**Your instructions**
Determine the number of lines in the following entries that hold the word "background". Give only that number.

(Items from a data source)
== == ==

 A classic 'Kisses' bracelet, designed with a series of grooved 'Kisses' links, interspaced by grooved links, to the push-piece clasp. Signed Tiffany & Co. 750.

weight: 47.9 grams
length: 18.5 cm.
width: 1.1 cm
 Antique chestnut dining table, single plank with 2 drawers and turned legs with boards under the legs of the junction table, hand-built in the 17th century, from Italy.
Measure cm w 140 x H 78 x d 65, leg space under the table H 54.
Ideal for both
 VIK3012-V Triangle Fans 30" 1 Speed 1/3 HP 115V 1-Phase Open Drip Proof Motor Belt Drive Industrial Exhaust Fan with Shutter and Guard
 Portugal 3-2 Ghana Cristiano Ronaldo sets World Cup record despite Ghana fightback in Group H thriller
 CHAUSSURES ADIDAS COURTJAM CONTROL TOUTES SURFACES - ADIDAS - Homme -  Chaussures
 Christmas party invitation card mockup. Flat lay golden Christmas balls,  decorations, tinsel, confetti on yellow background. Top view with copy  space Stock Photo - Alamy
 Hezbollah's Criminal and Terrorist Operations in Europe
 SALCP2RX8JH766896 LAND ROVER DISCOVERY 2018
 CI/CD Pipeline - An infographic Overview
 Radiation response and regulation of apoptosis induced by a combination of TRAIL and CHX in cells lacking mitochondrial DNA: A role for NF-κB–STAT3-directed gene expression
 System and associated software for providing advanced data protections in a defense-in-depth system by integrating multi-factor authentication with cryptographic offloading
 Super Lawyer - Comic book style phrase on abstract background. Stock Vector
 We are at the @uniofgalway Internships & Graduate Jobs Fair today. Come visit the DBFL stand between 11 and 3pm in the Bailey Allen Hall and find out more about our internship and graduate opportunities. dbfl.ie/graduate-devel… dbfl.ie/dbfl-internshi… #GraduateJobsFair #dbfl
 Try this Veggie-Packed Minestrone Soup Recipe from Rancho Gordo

== == ==

**Problem solution**
2